Work to complete » Leaving the pictures aside, repeat each line below exactly.

Given information »
==========
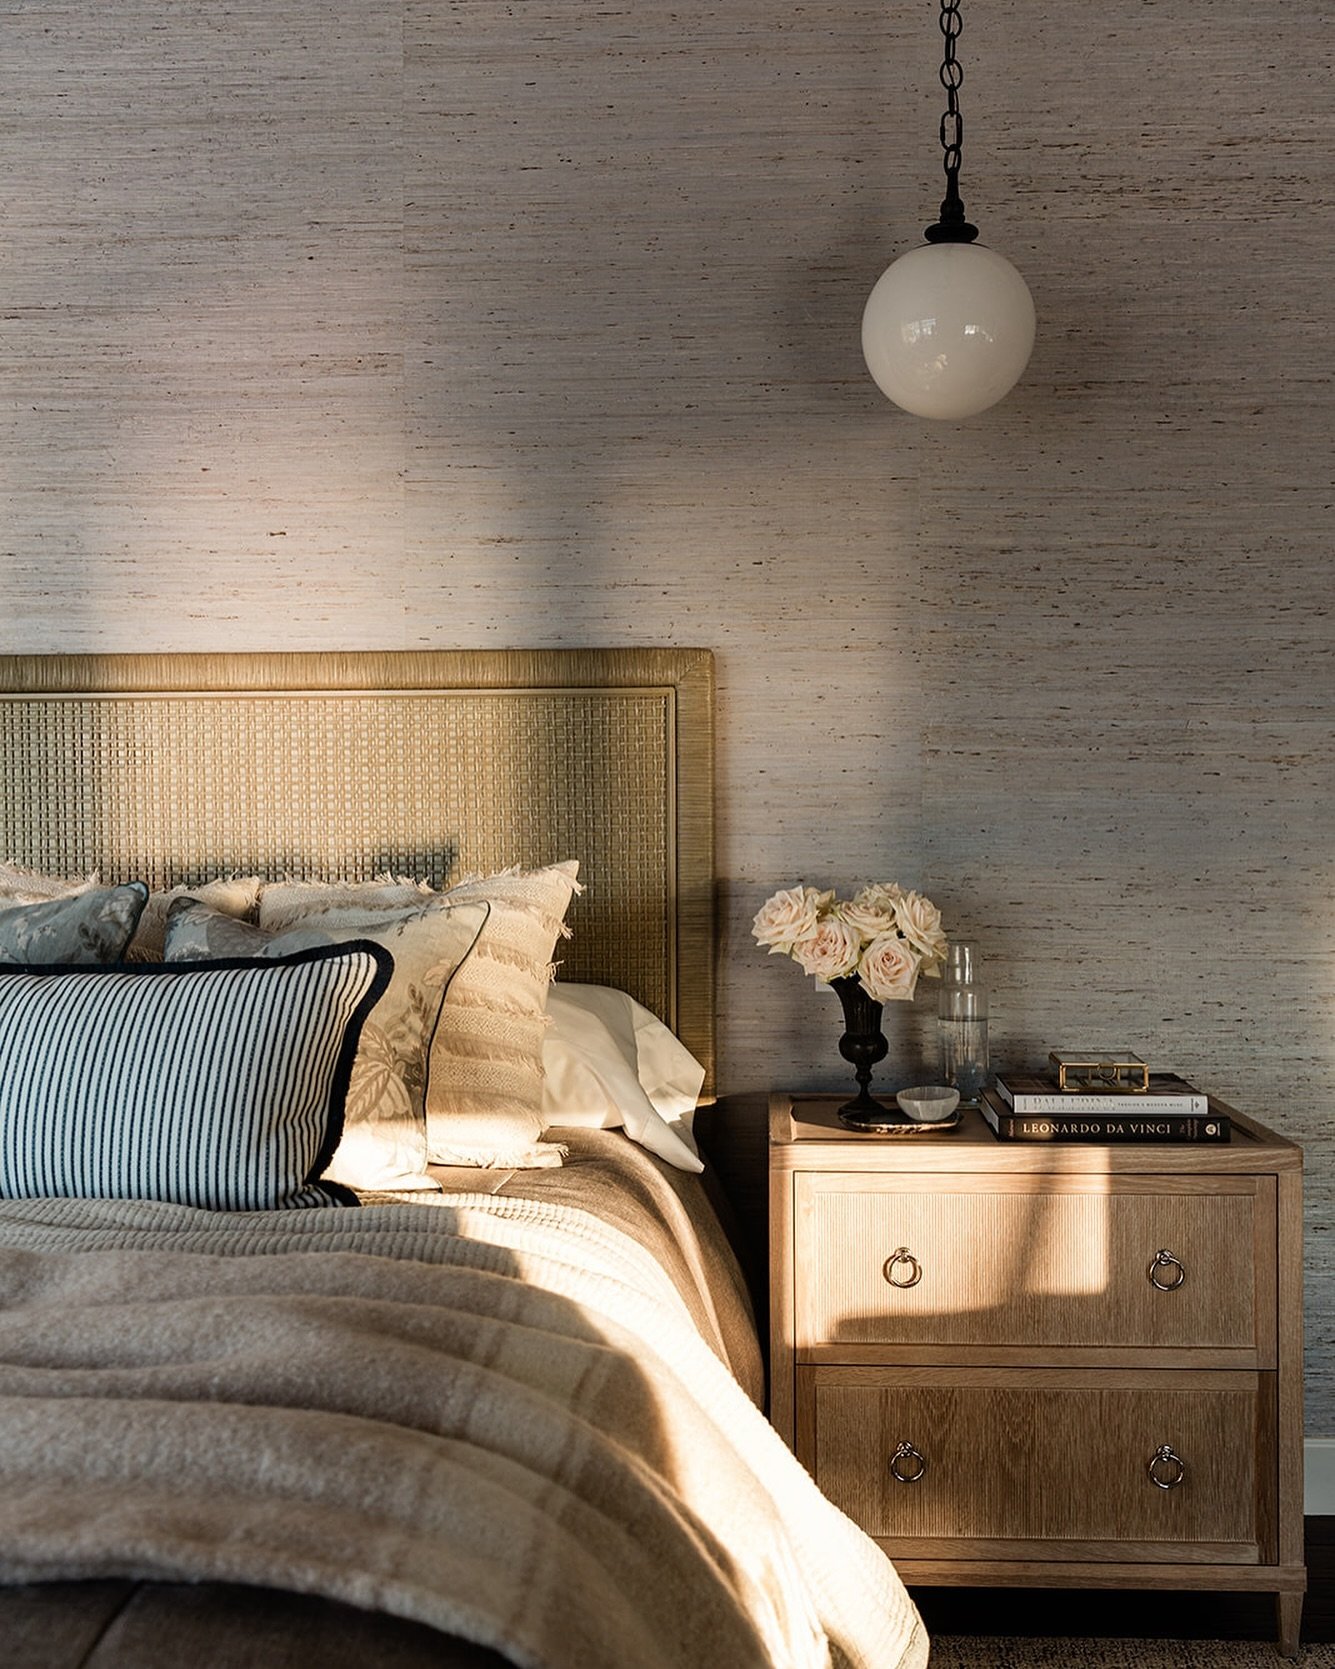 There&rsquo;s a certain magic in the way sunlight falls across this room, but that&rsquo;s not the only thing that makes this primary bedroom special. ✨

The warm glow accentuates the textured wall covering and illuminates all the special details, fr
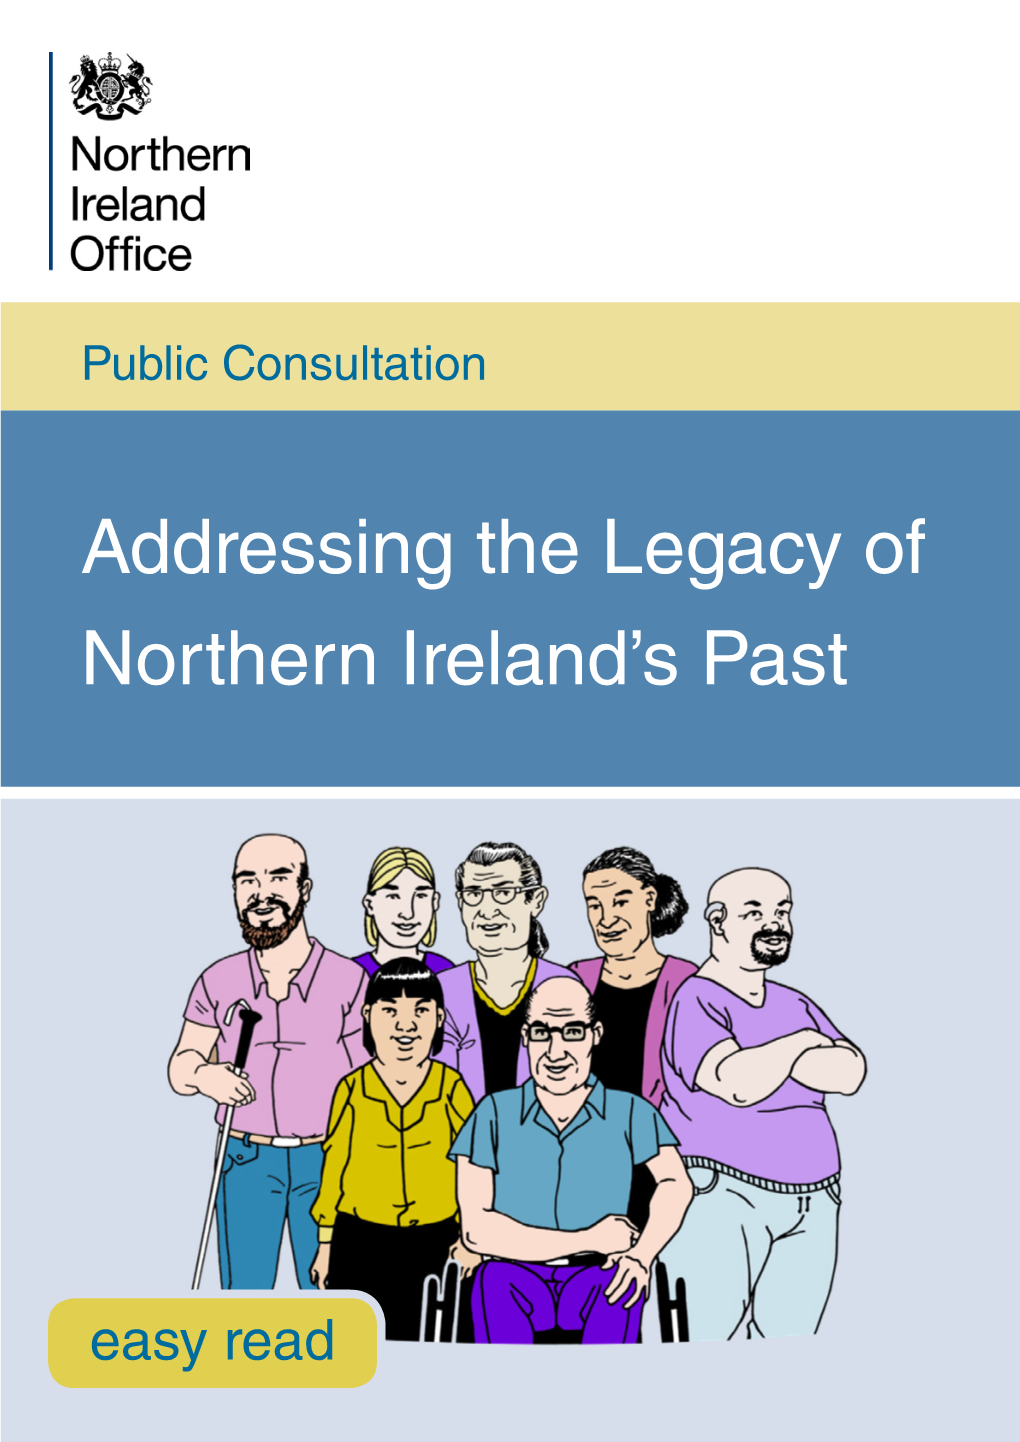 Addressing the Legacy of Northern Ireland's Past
==========
Result for this exercise »
 There&rsquo;s a certain magic in the way sunlight falls across this room, but that&rsquo;s not the only thing that makes this primary bedroom special. ✨

The warm glow accentuates the textured wall covering and illuminates all the special details, fr
 Addressing the Legacy of Northern Ireland's Past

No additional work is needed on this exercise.